The leading edge enterprises are becoming more social and there are many financial and organizational benefits to this increased connectivity as McKinsey has documented. Moxie is now providing a comprehensive platform for the networked organization through its Spaces by Moxie™ suite, which includes Employee Spaces™ and Customer Spaces™.  I recently spoke with Tom Kelly, the CEO, and Azita Martin, the CMO, about their offering.

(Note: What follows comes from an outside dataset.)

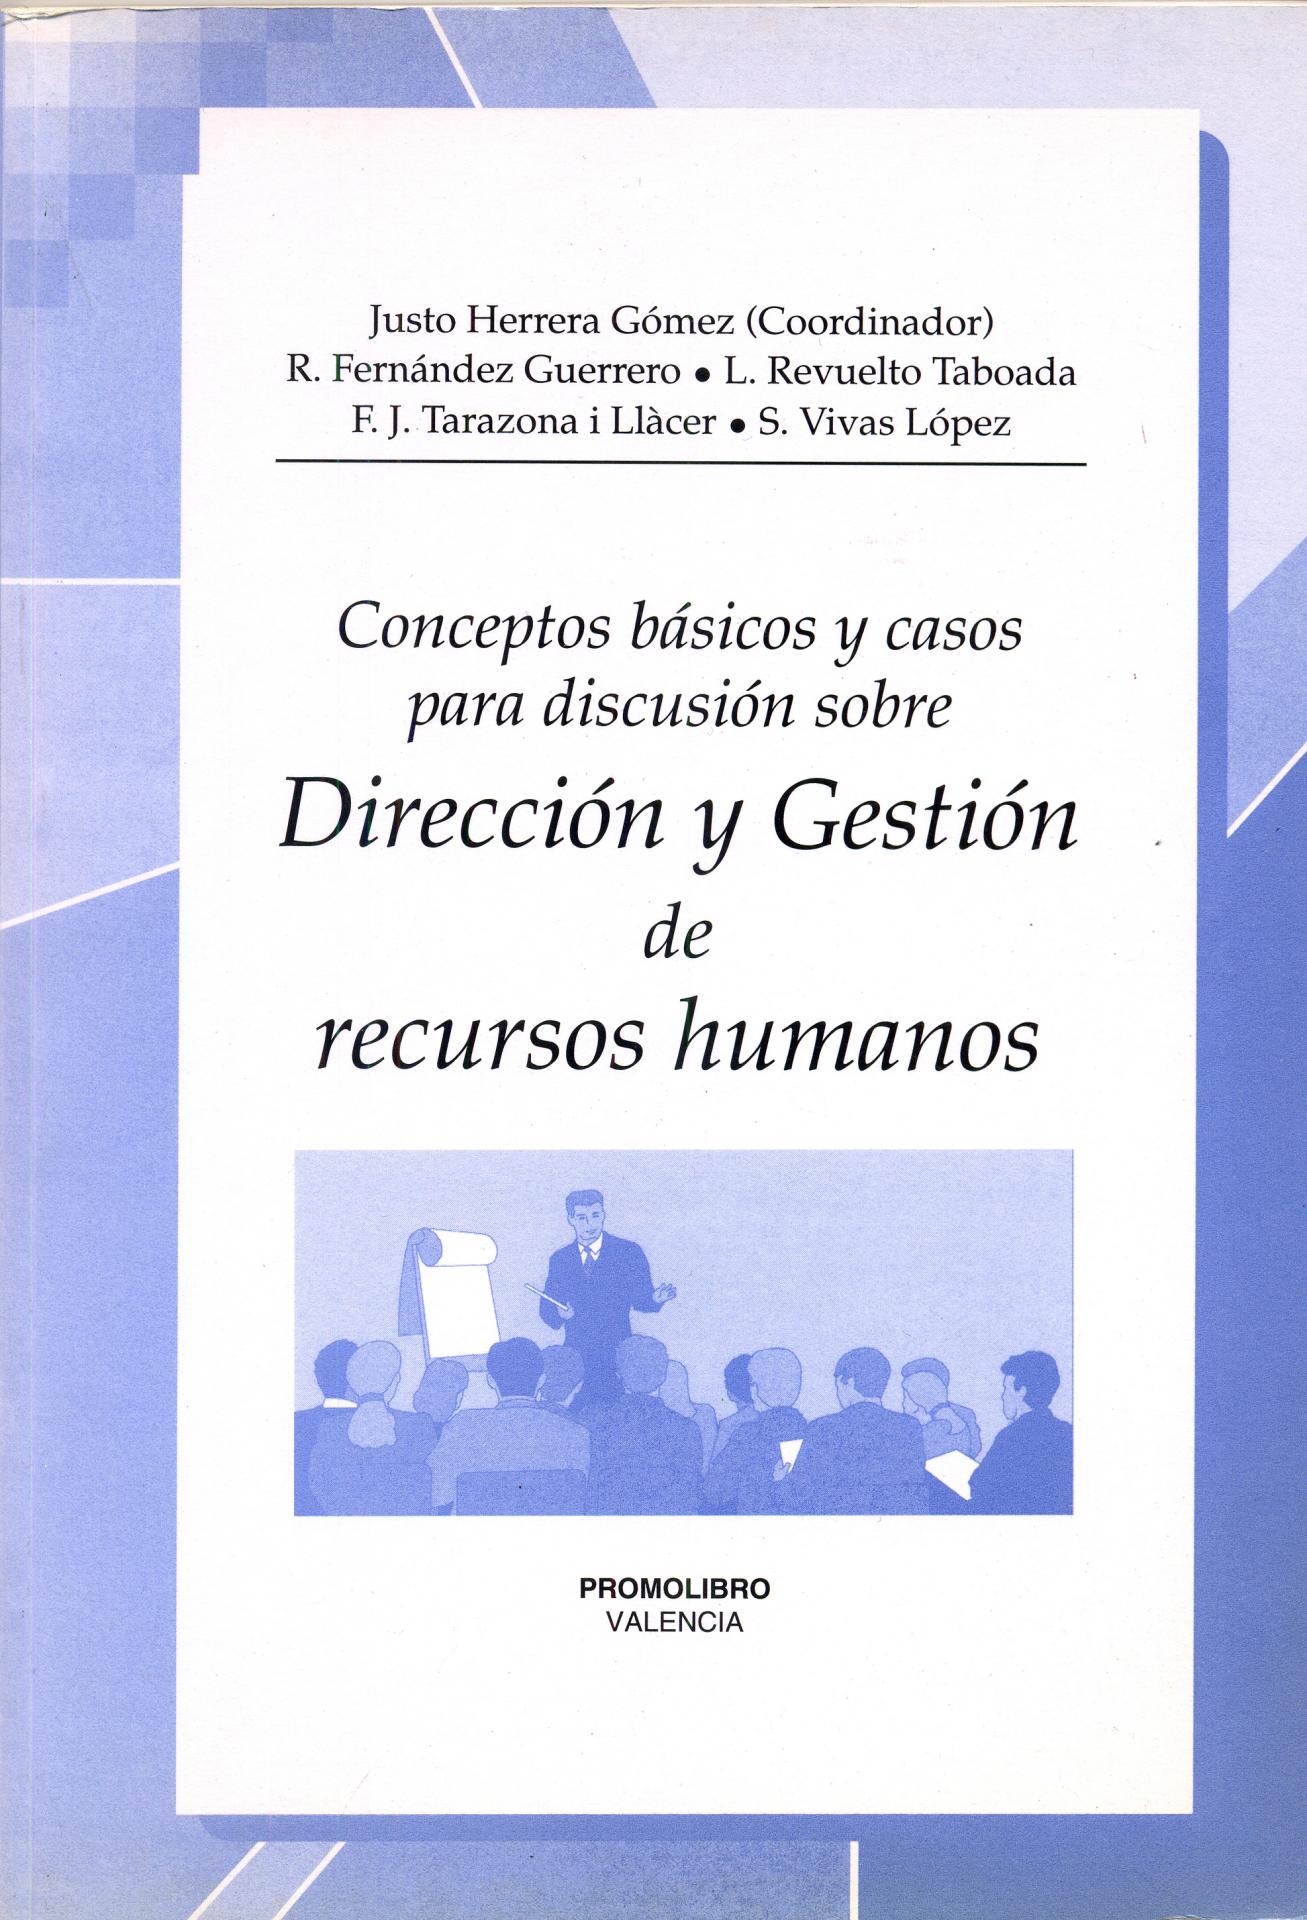 Conceptos básicos y casos para discusión sobre DIRECCIÓN Y GESTIÓN DE RECURSOS HUMANOS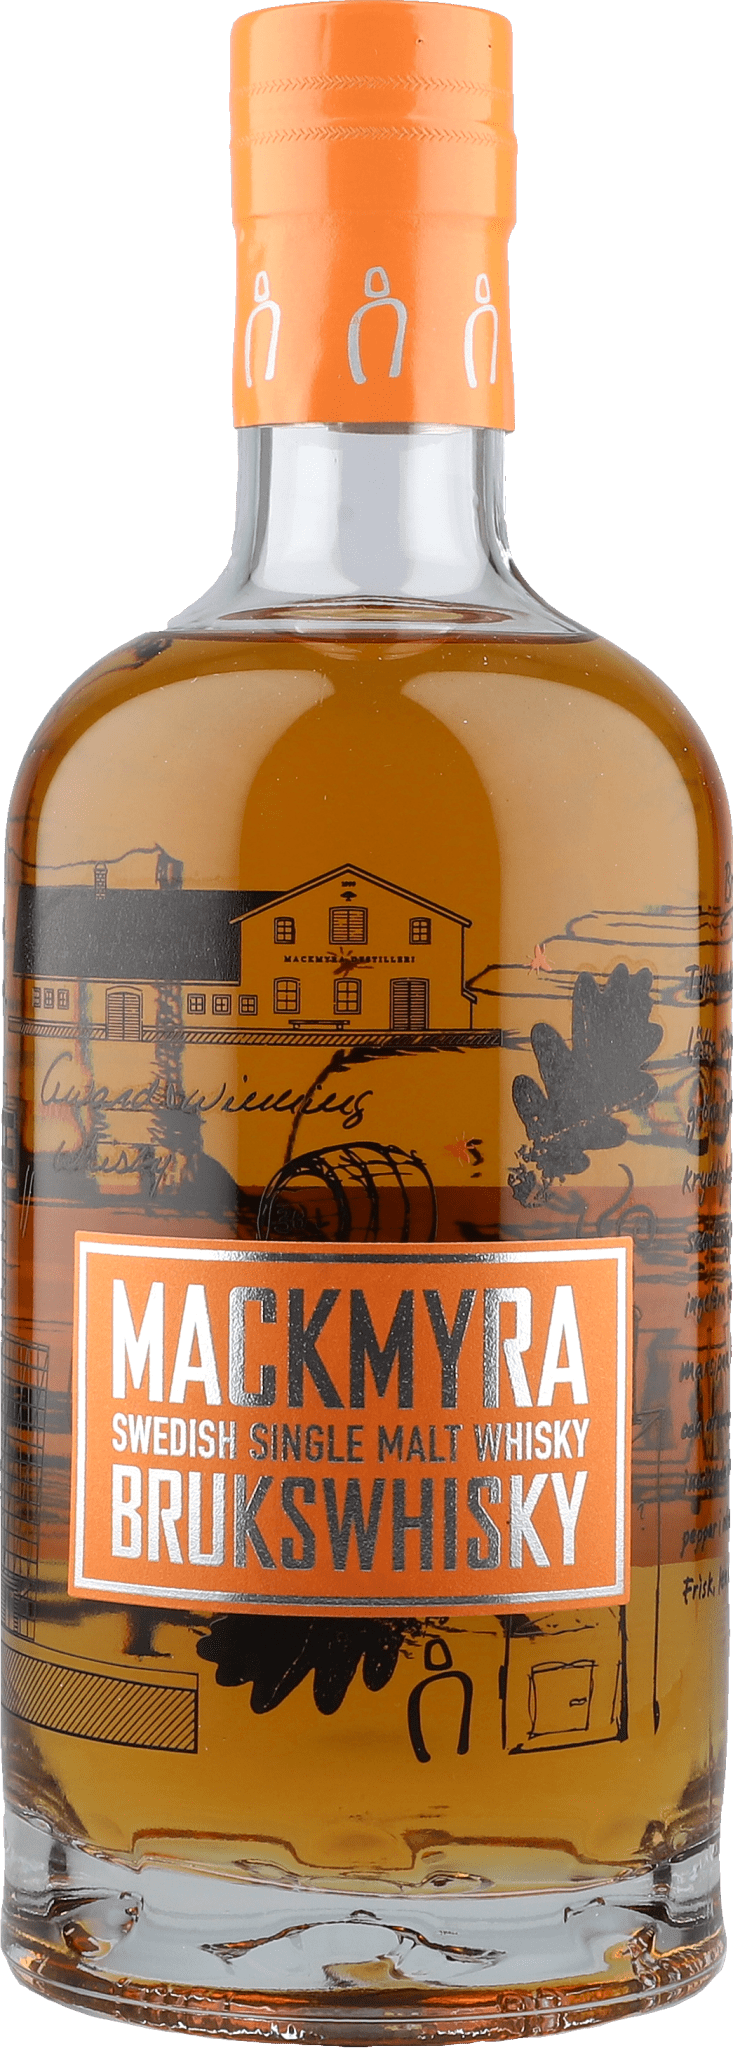 Mackmyra Brukswhisky 41,4% 0,7 ltr. - AllSpirits

Tom said that social platforms are now moving beyond simple communication and connection to deploy more robust functionality and more elegant design. These are two factors they are focusing on at Moxie. For example, a social platform needs to connect to rich profiles of employees. It needs to be able to locate and expose expertise, it needs to be able to form logical work groups for activities and supply the needed tools, and it needs to be project oriented to allow for effective collaboration around projects.  For example, in Employee Spaces all documents, social objects like wikis, blogs and conversations are in the context of projects, so people collaborating on projects can find all the information relevant to that project in one place.

To accomplish these needs, the design should be both simple and elegant. Rather than being structured around documents like the more traditional content management tools, the new social tools need to focus on people, groups, and projects. Documents do not do work, people do so this needs to be the organizing principles for tools that enable people to get their work done. I could not agree more. Here is a sample Moxie screen showing the clear organization of its components.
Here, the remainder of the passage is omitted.